## What this task involves
In the records below, repeat word for word only the lines starting at the one that contains "Halloween Outdoor Inflatables" and ending at the one that contains "Solar Panel capable", pictures excluded.

## Entries shown

● ● ●

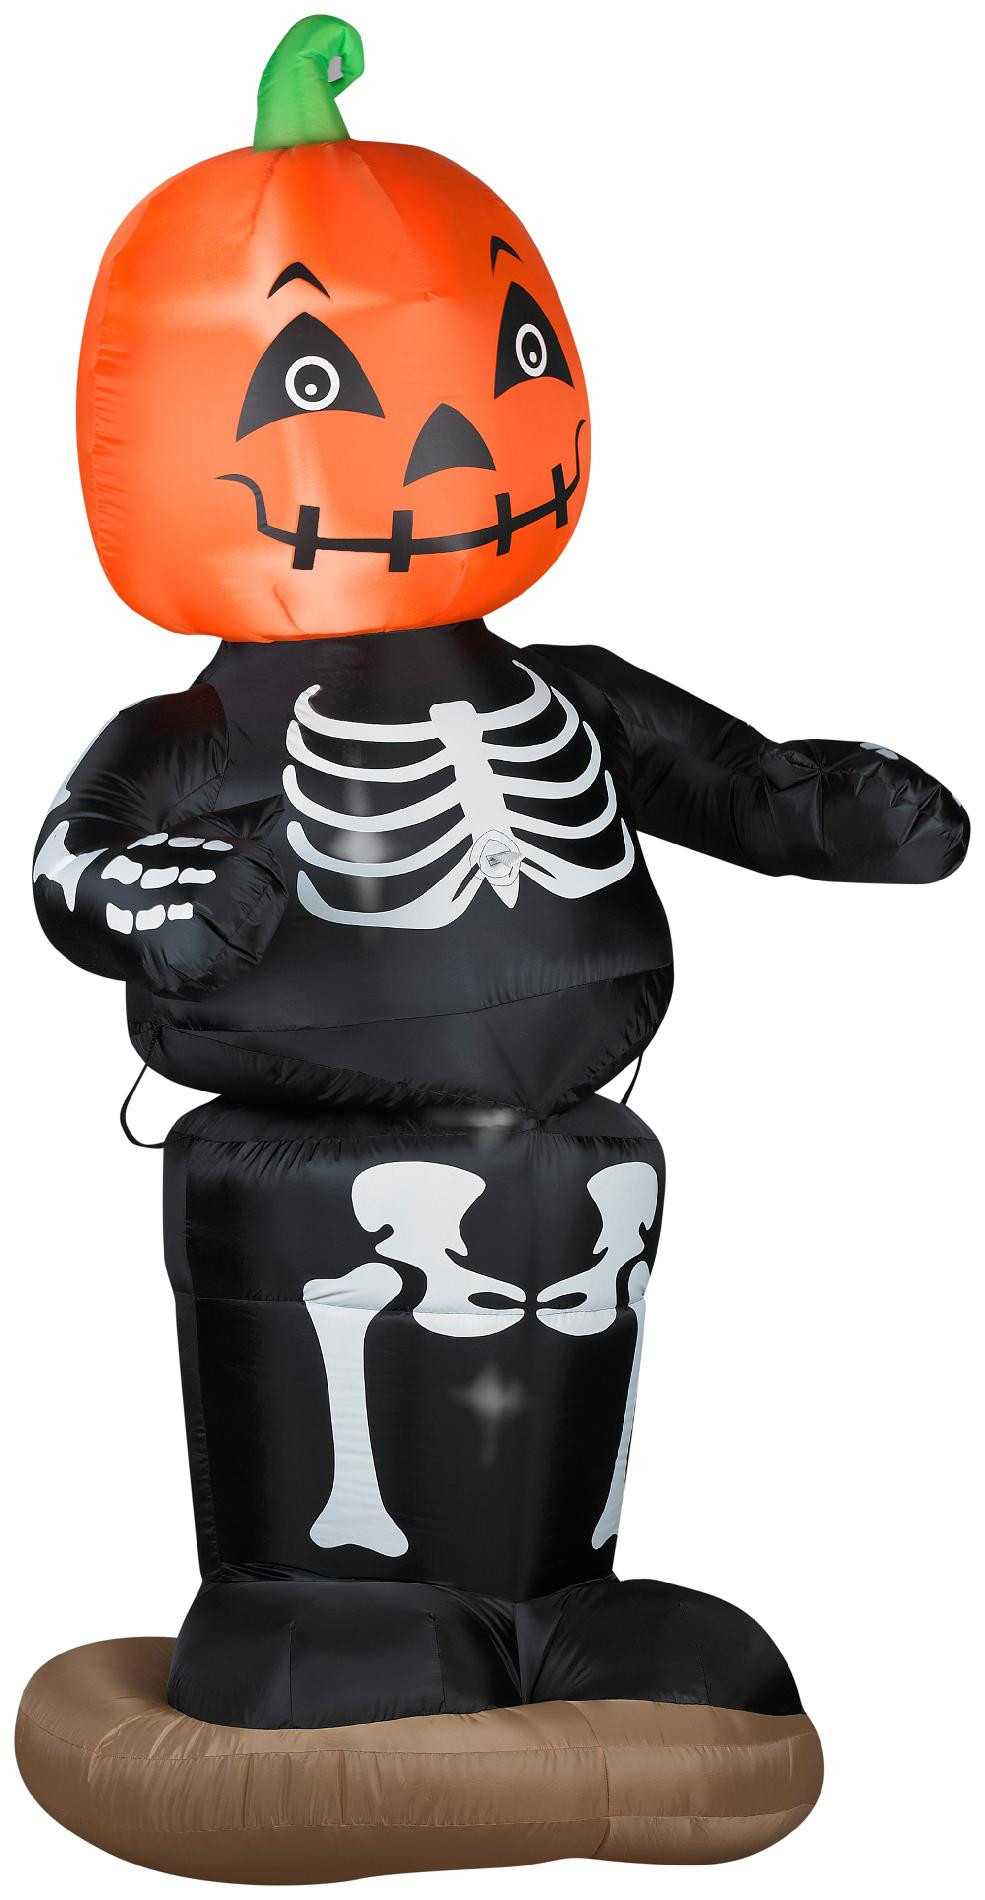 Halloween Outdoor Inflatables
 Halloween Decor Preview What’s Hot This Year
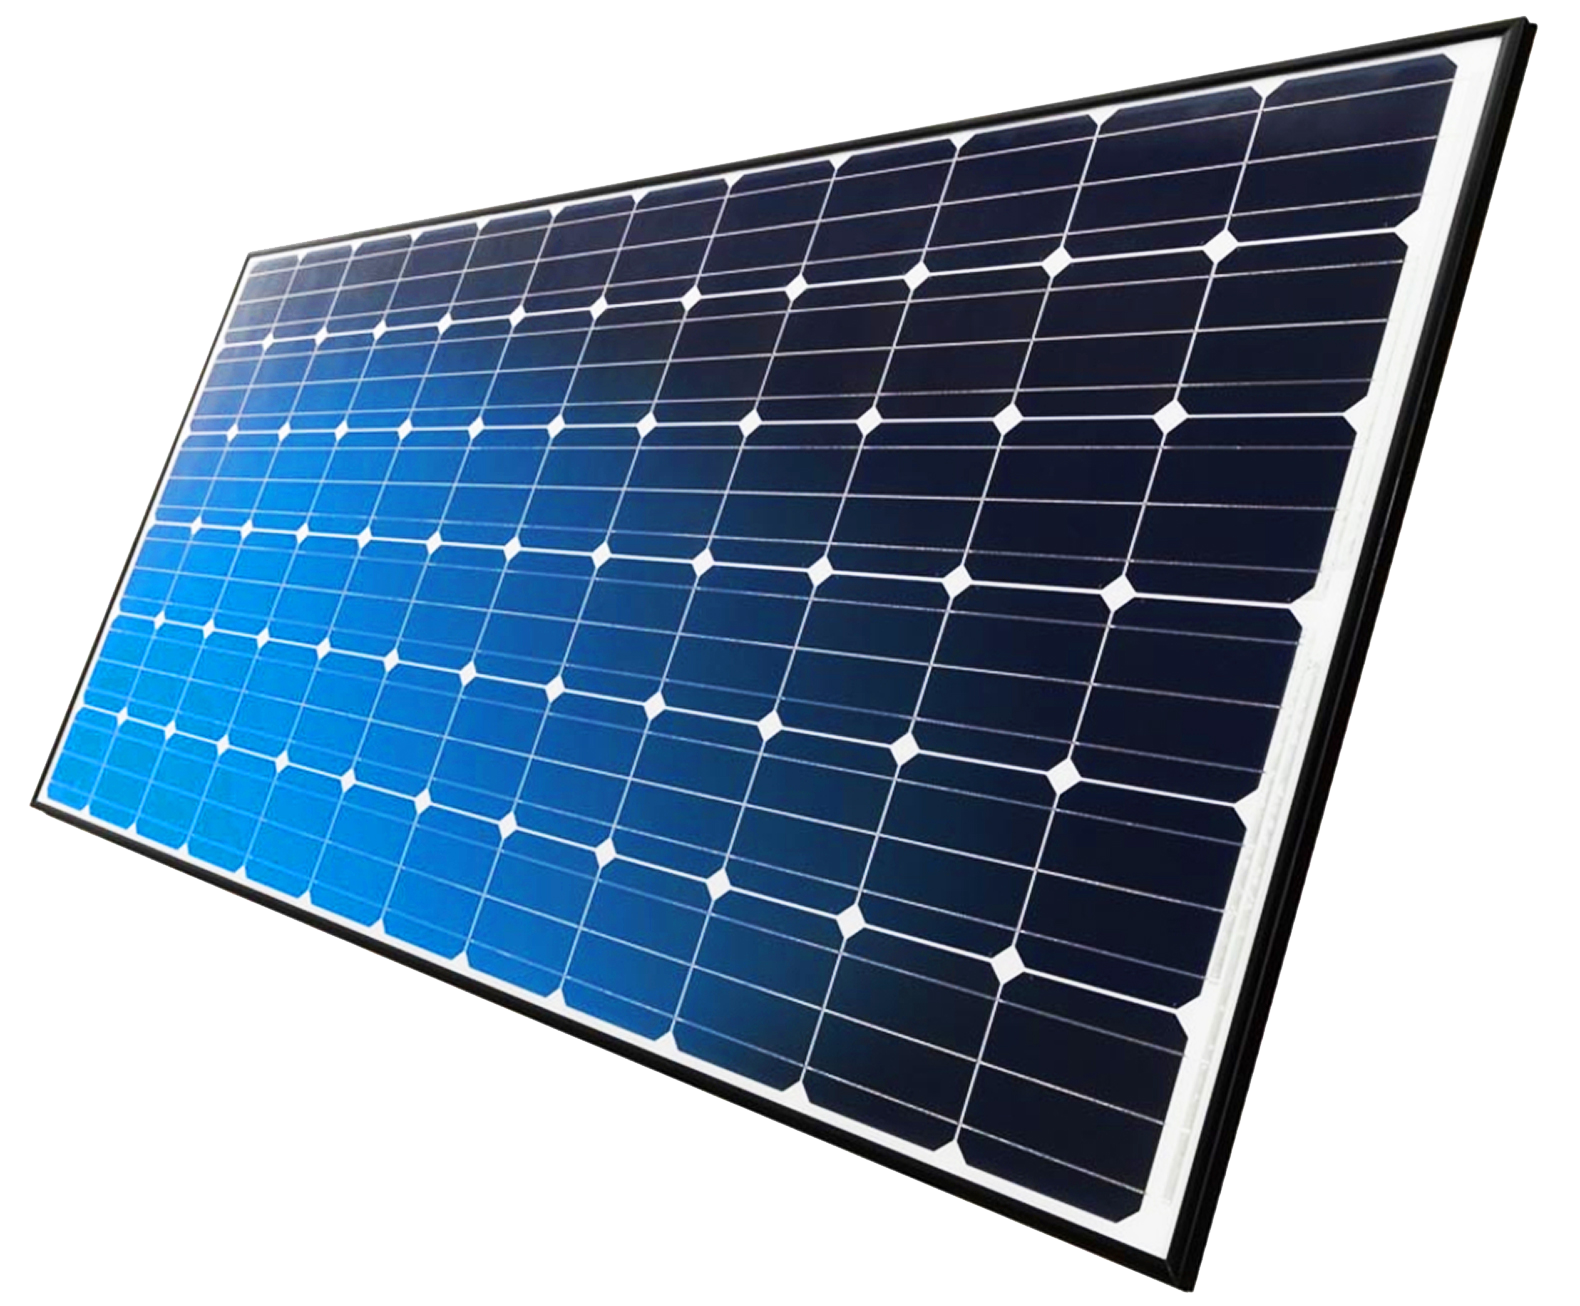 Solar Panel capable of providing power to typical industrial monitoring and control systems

● ● ●

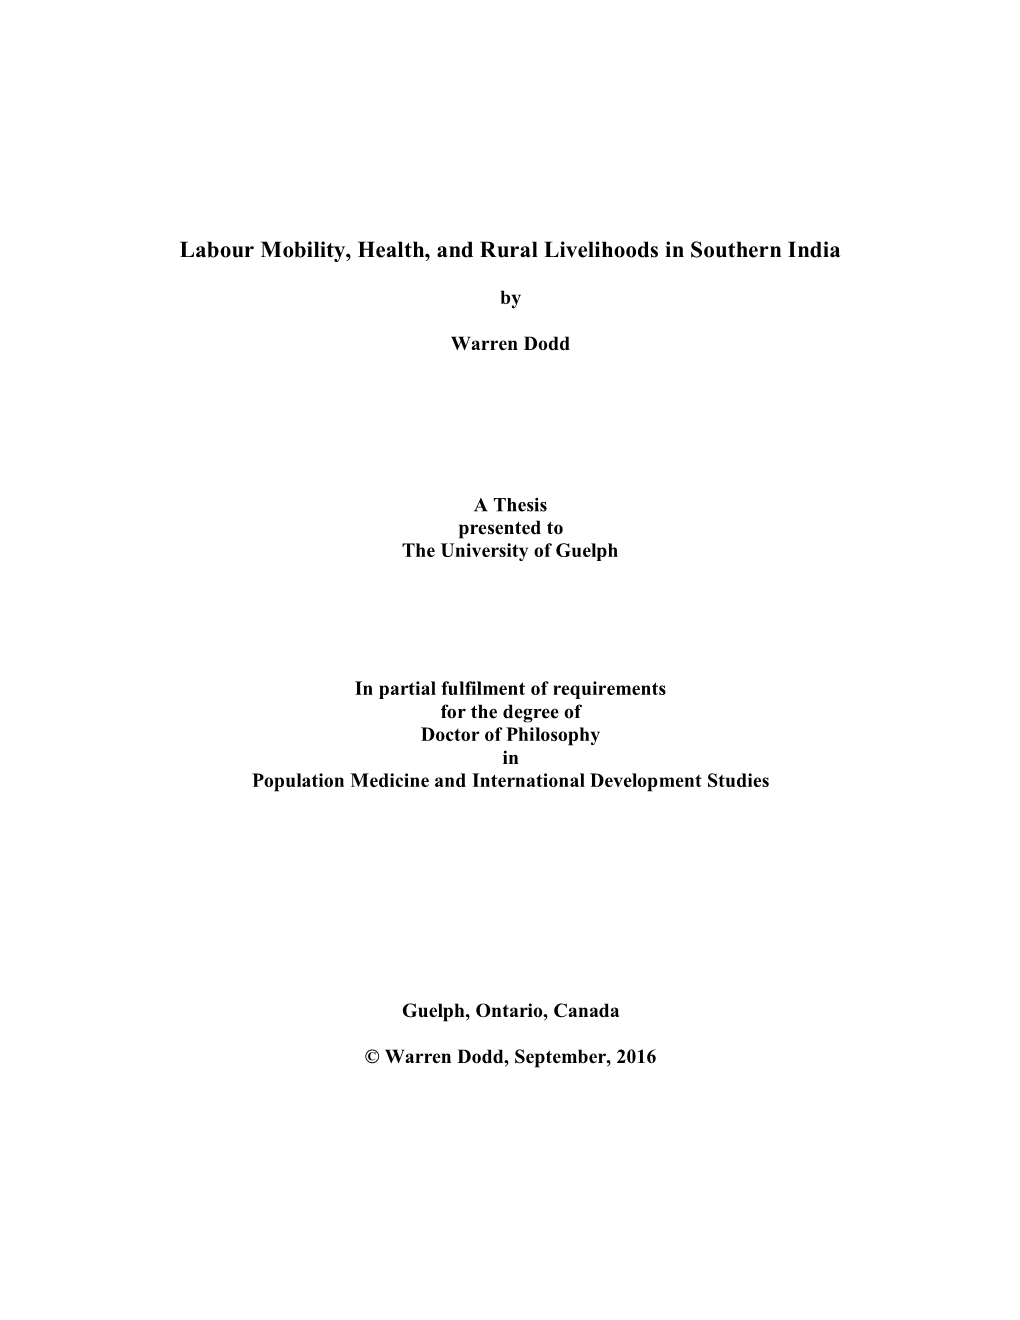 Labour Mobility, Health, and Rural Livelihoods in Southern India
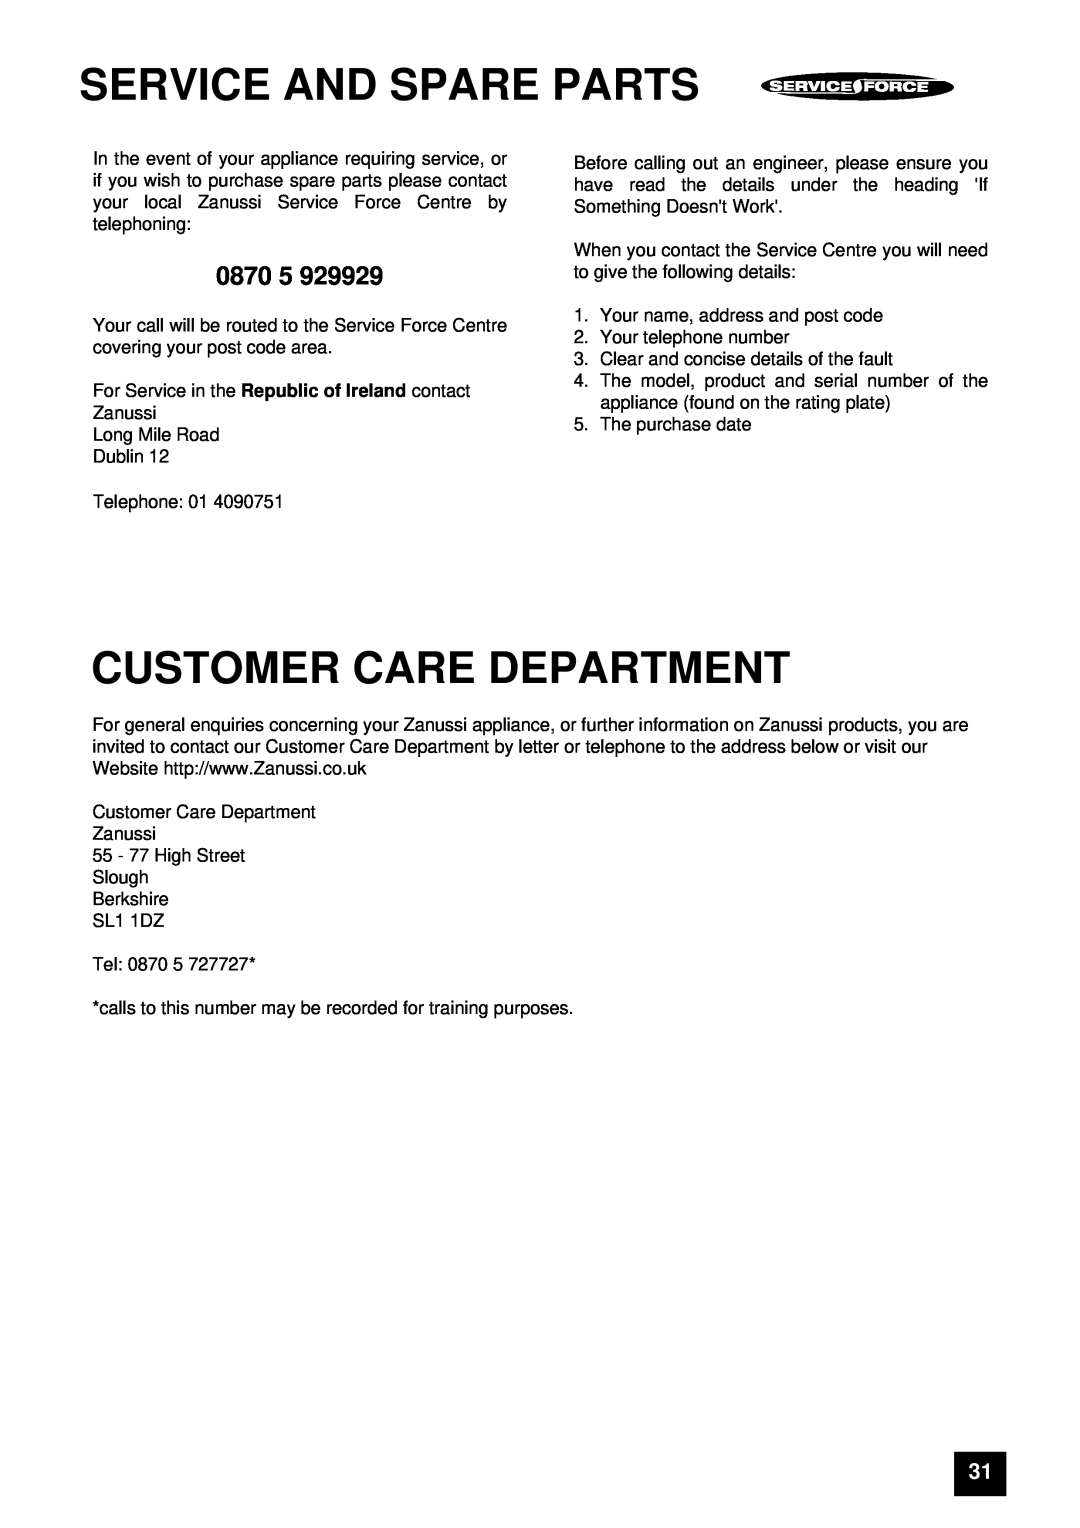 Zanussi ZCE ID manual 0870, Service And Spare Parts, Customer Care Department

● ● ●

## Solved exercise
 Halloween Outdoor Inflatables
 Halloween Decor Preview What’s Hot This Year
 Solar Panel capable of providing power to typical industrial monitoring and control systems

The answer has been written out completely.